Newly mobilized pro-life activists swept into action, taking out ads, knocking on doors, and highlighting the barbarity of abortion. They also distributed 50,000 anti-Roy pamphlets that featured a picture of an aborted baby in a trash can.

After the election, Dole distanced himself from the pro-life leaflets. However, his election filings reported pro-life literature as an in-kind donation – something that implies the campaign itself authorized or gave its approval to its contents.

Not all of the pro-life campaigning was carried out by Dole's surrogates. Failing to connect with his business message, he raised the abortion issue in what was supposed to be a debate on farm policy. Dole reportedly turned to Roy and demanded, “I want to know how many abortions you've done.”

On election night, Dole won by a mere 13,532 votes, or one percent of the vote.

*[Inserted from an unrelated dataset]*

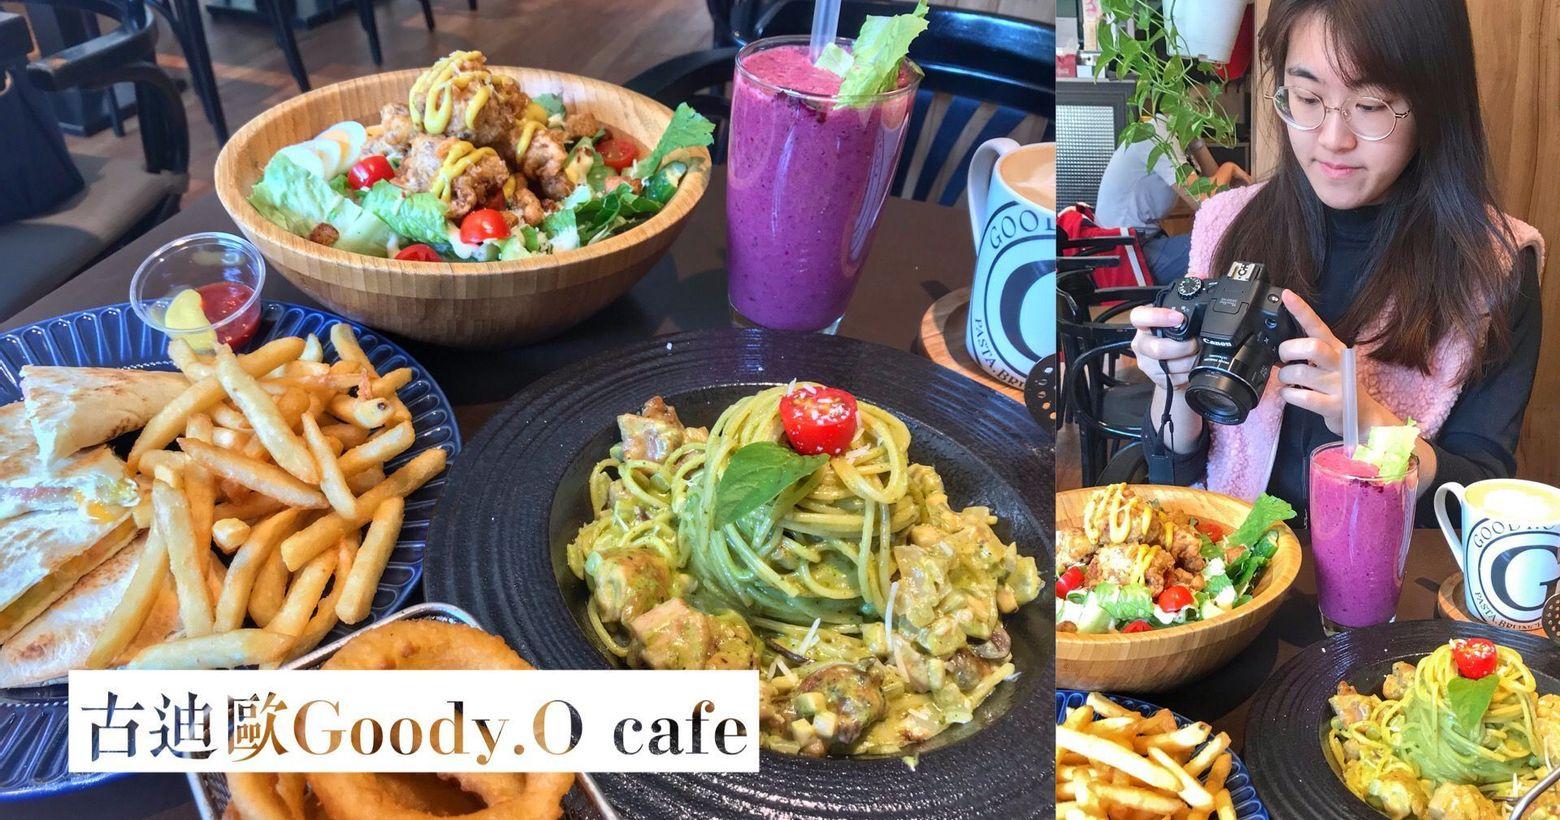 古迪歐 Goody.O cafe|永和不限時咖啡廳推薦、免費插頭及WIFI、餐點份量豐富古迪歐Goo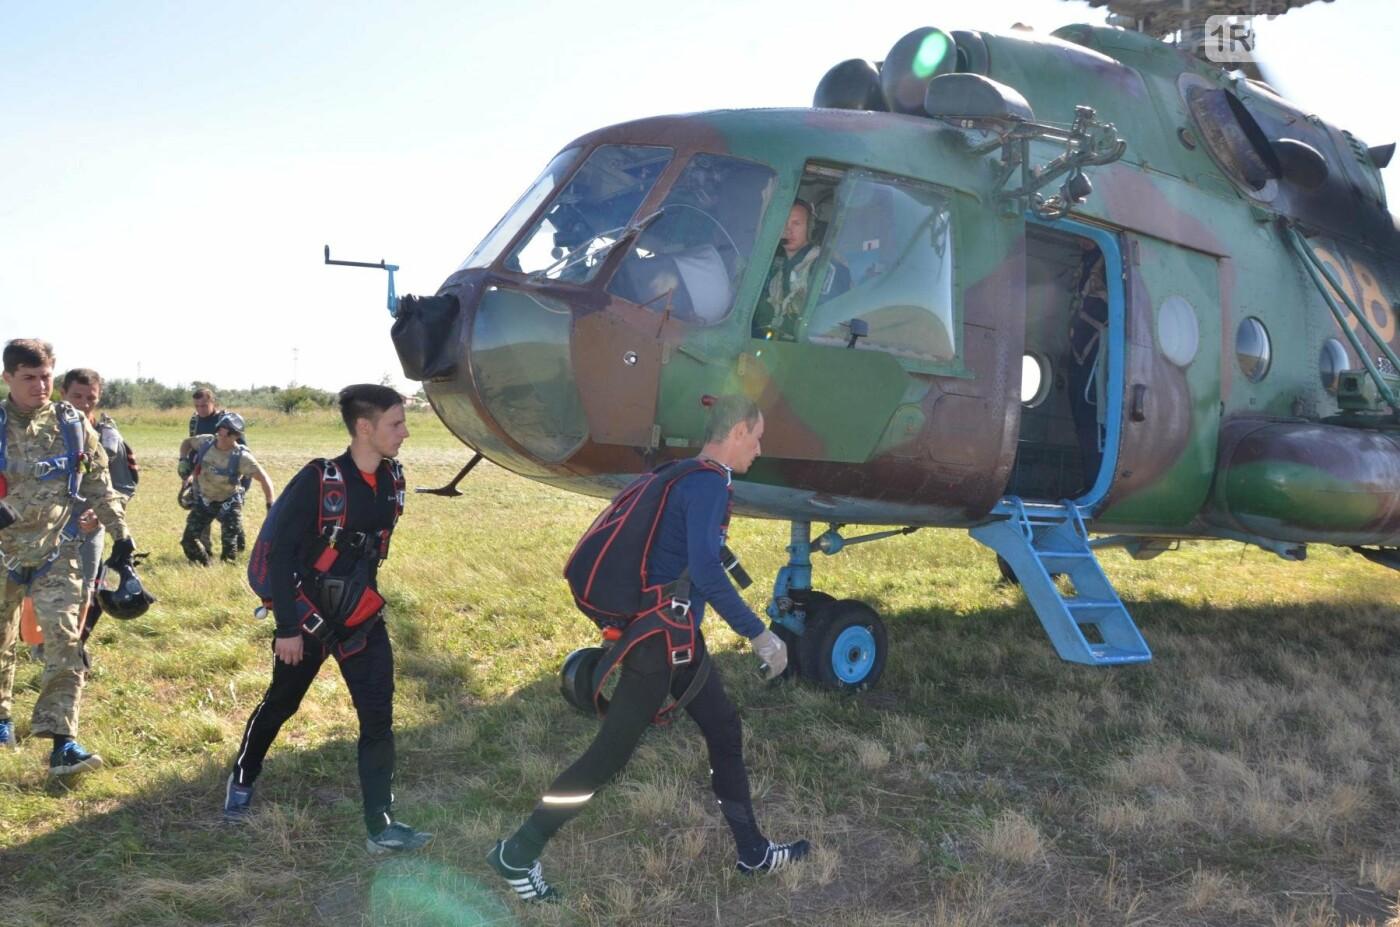 В Ростовской области проходит учебный сбор парашютистов, фото-2, Фото: Александр Барабашов

The election, which some have called the pro-life movement's “first political victory,” became a flashpoint in the culture wars. In her 10-part history of abortion in America, National Right to Life President Carol Tobias called the Dole vs. Roy showdown “the first major statewide political battle after the Roe v. Wade decision.”

Four decades later, Dole still remembers it, but in a less flattering light. “That was a race where abortion was a big issue. It got sort of nasty, because some of our campaigners were going over the top,” Dole said last week, according to the Hays (Kansas) Post.

Then Dole revealed, “I called Bill [Roy] about four years ago, and I said ‘Bill we haven’t talked since a long time ago, but if I said anything during the campaign that was offensive to you, I apologize.’ He said, ‘No you didn’t, but some of the people who were campaigning for you did.’”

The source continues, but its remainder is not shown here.